:: Input for this task ::
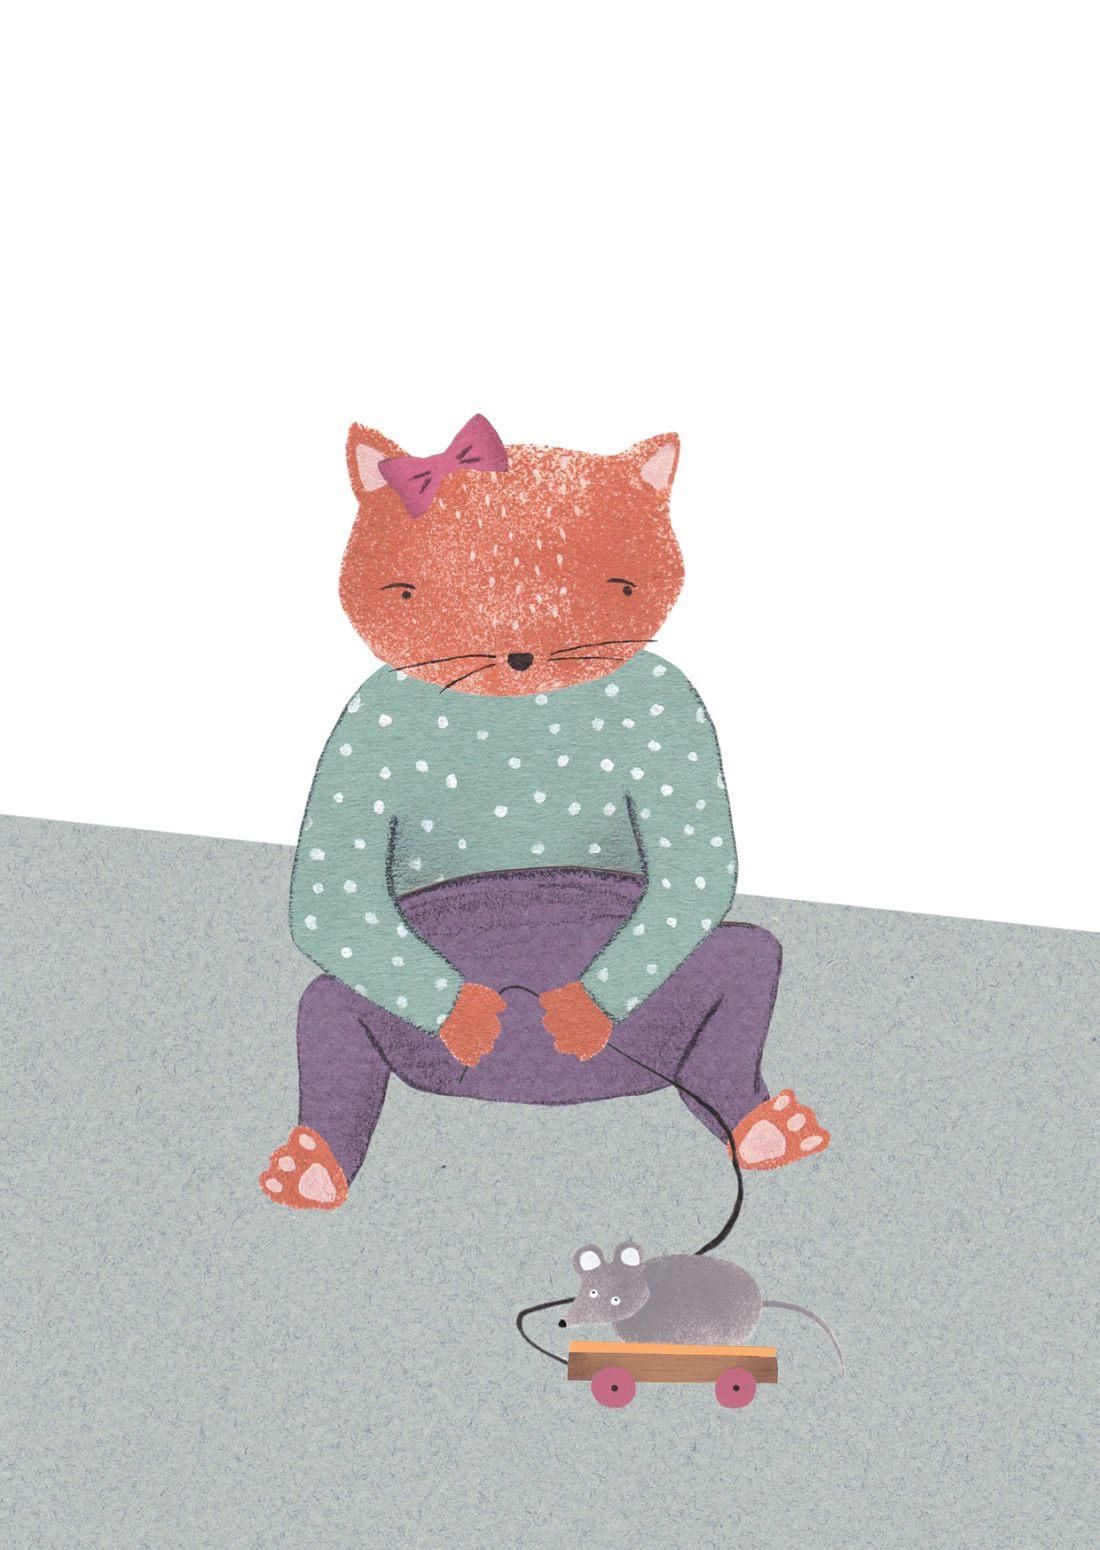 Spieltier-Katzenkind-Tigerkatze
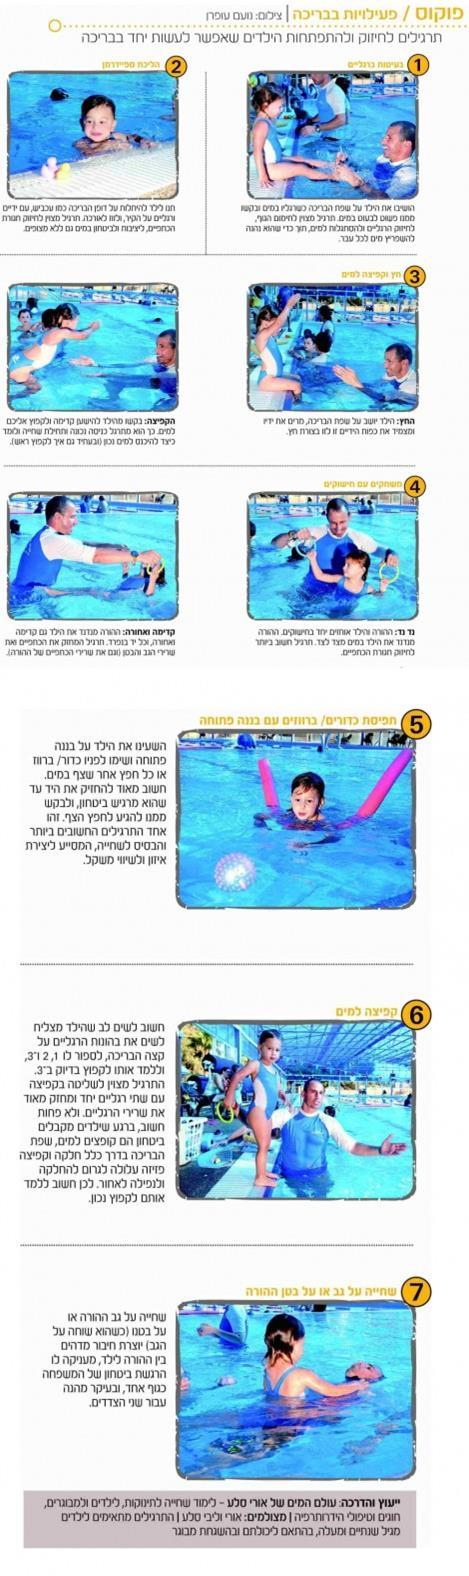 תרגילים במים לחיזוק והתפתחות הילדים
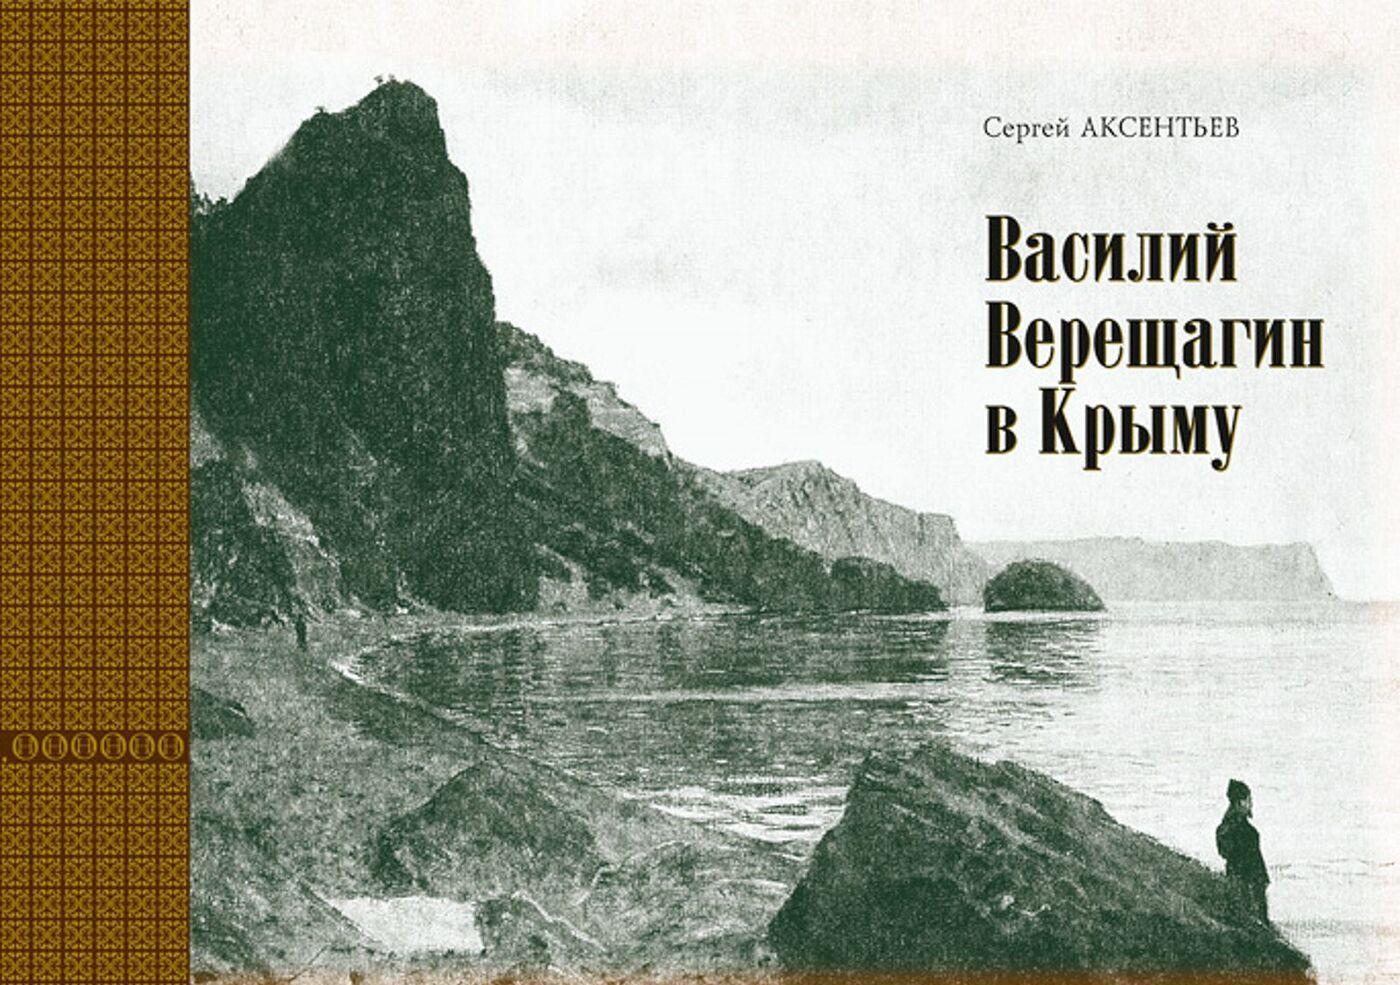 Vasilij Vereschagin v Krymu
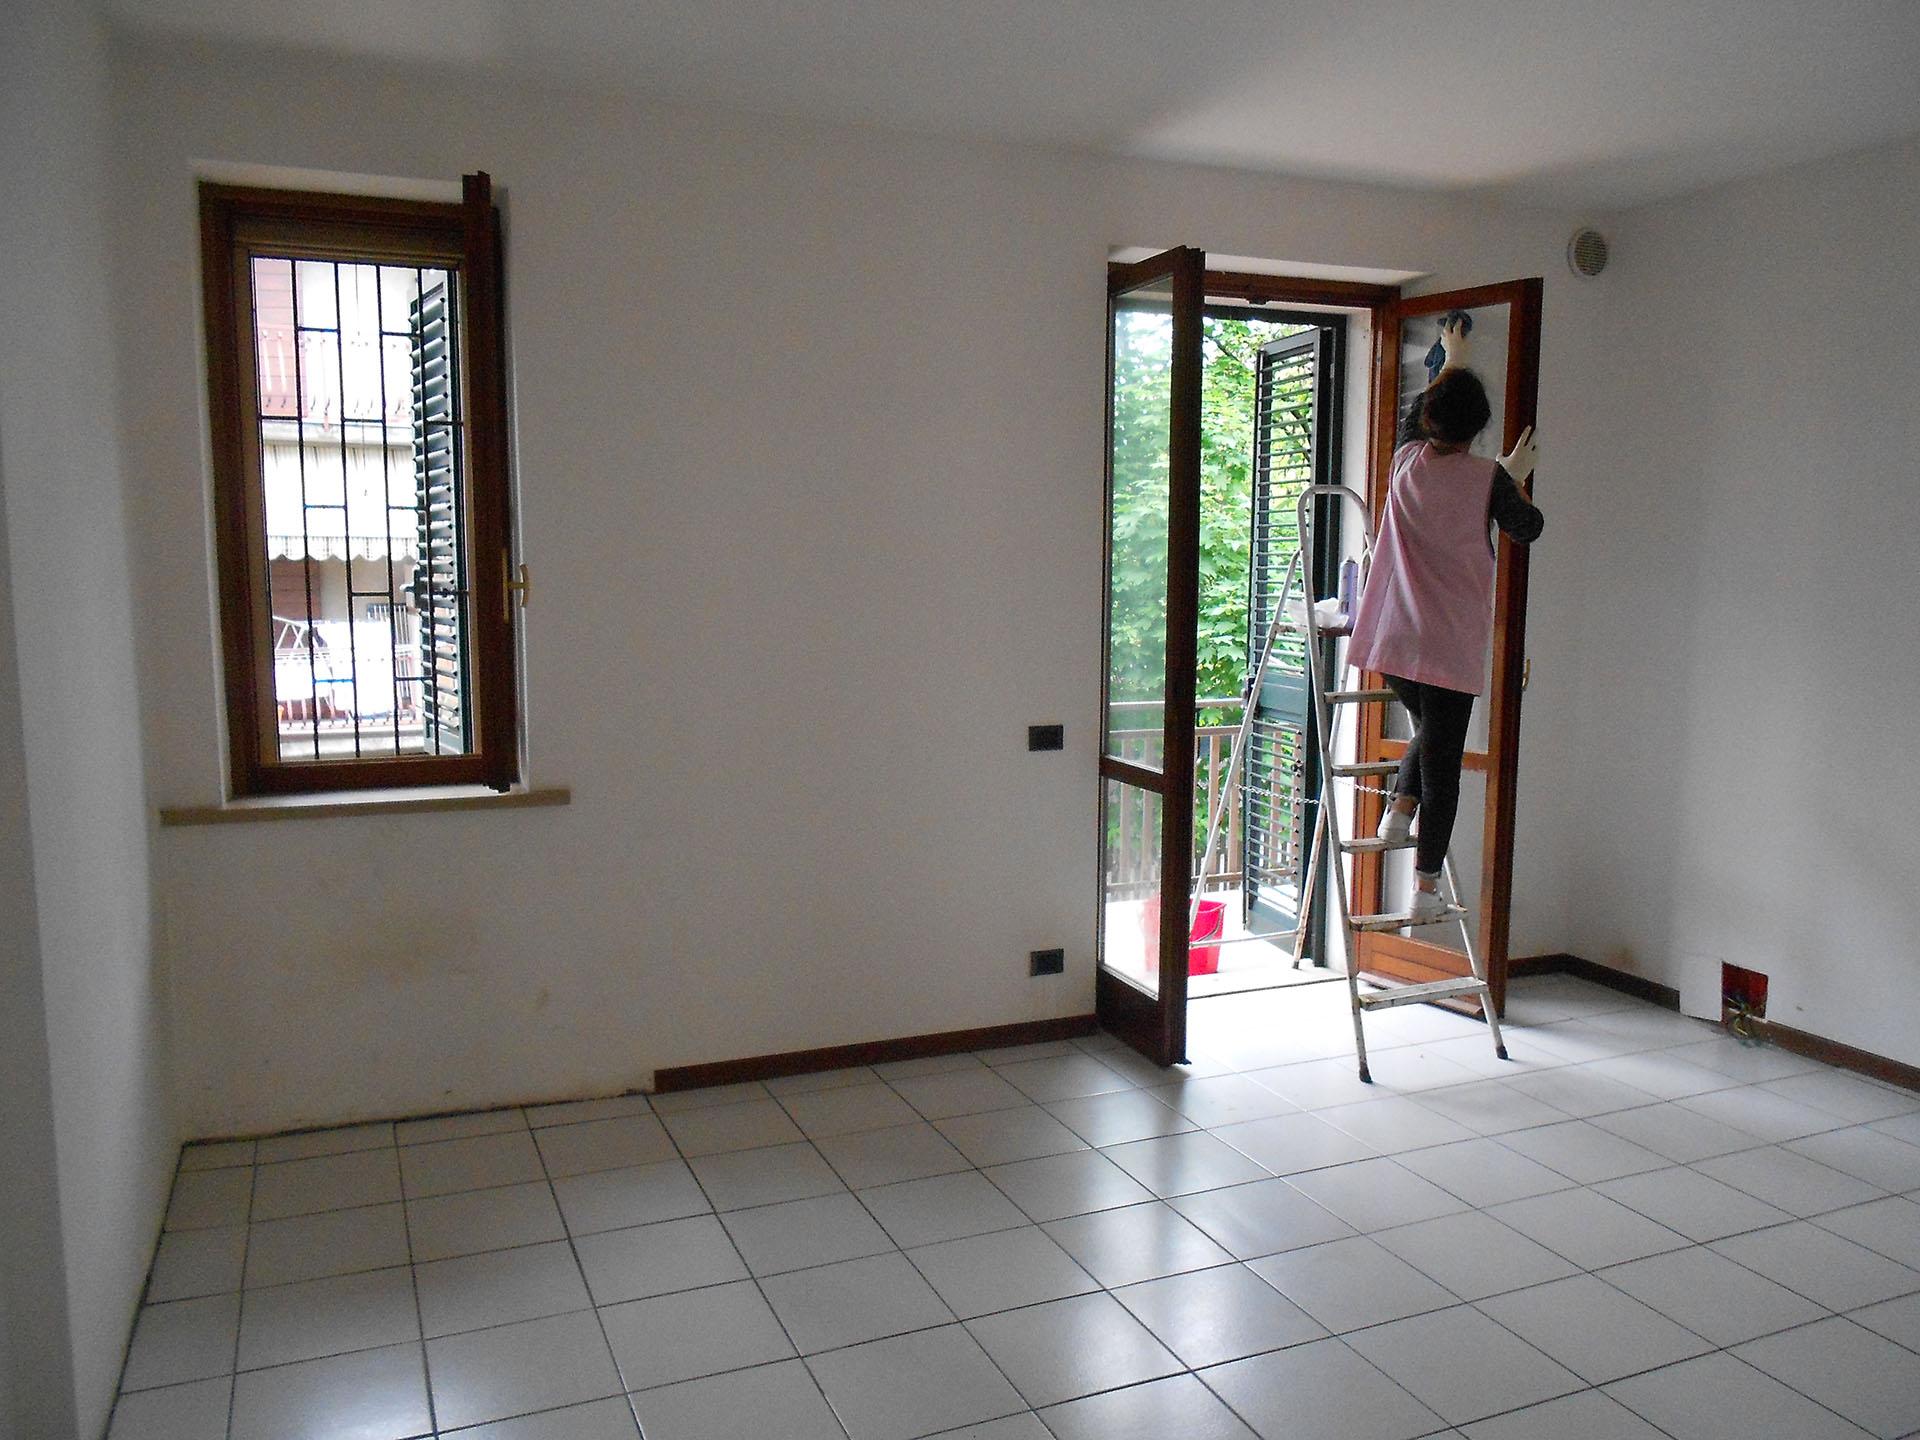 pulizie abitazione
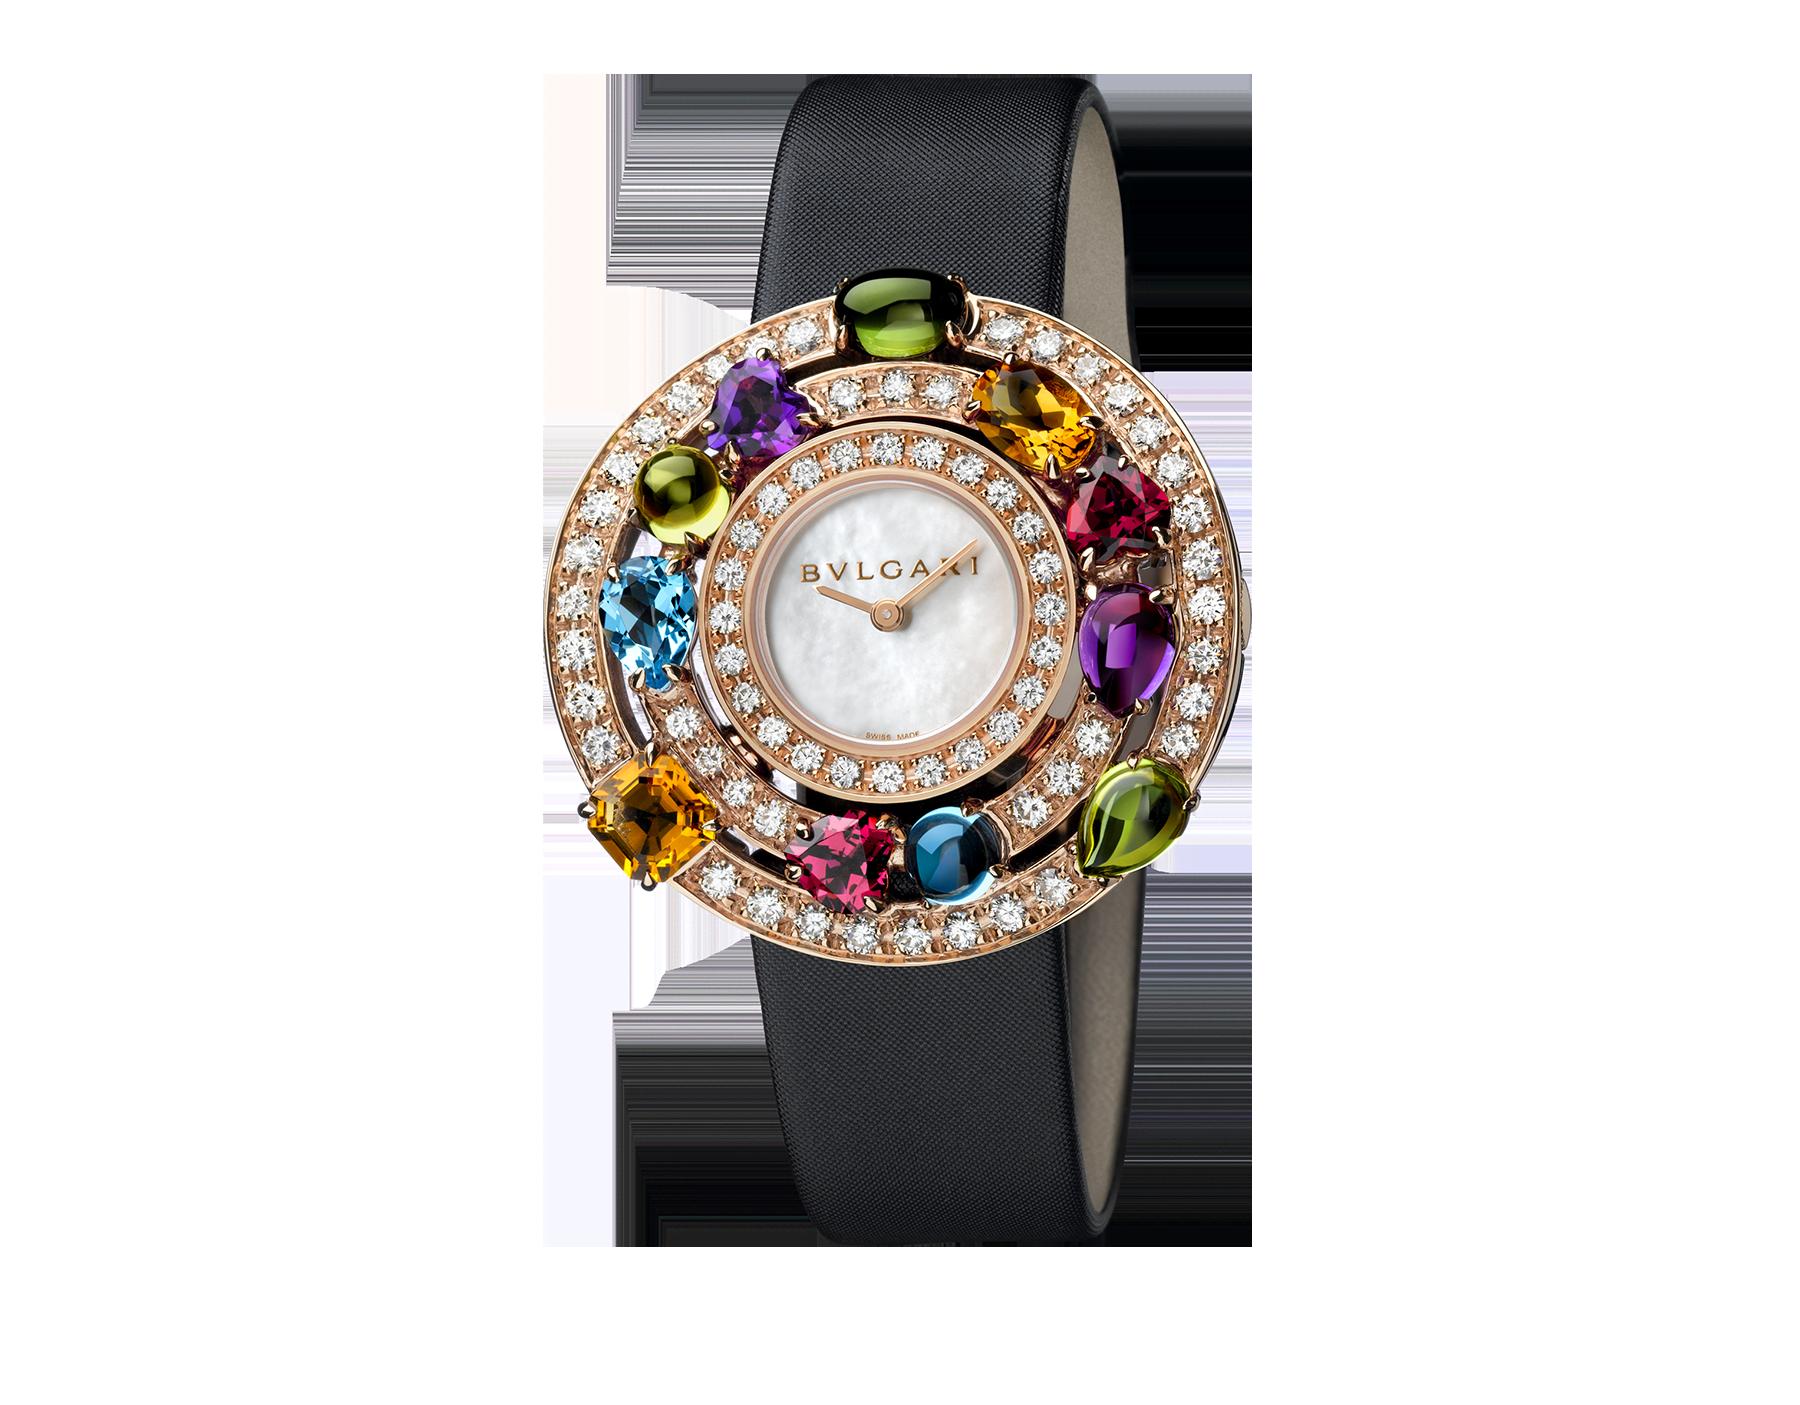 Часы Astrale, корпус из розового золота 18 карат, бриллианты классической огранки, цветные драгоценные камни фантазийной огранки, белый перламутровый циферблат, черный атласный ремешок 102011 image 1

:: Aim of the exercise ::
Everything from the line with "pulizie abitazione" through the final line of the material is to be returned exactly, both ends included, apart from the pictures.

:: Reply ::
 pulizie abitazione
 Часы Astrale, корпус из розового золота 18 карат, бриллианты классической огранки, цветные драгоценные камни фантазийной огранки, белый перламутровый циферблат, черный атласный ремешок 102011 image 1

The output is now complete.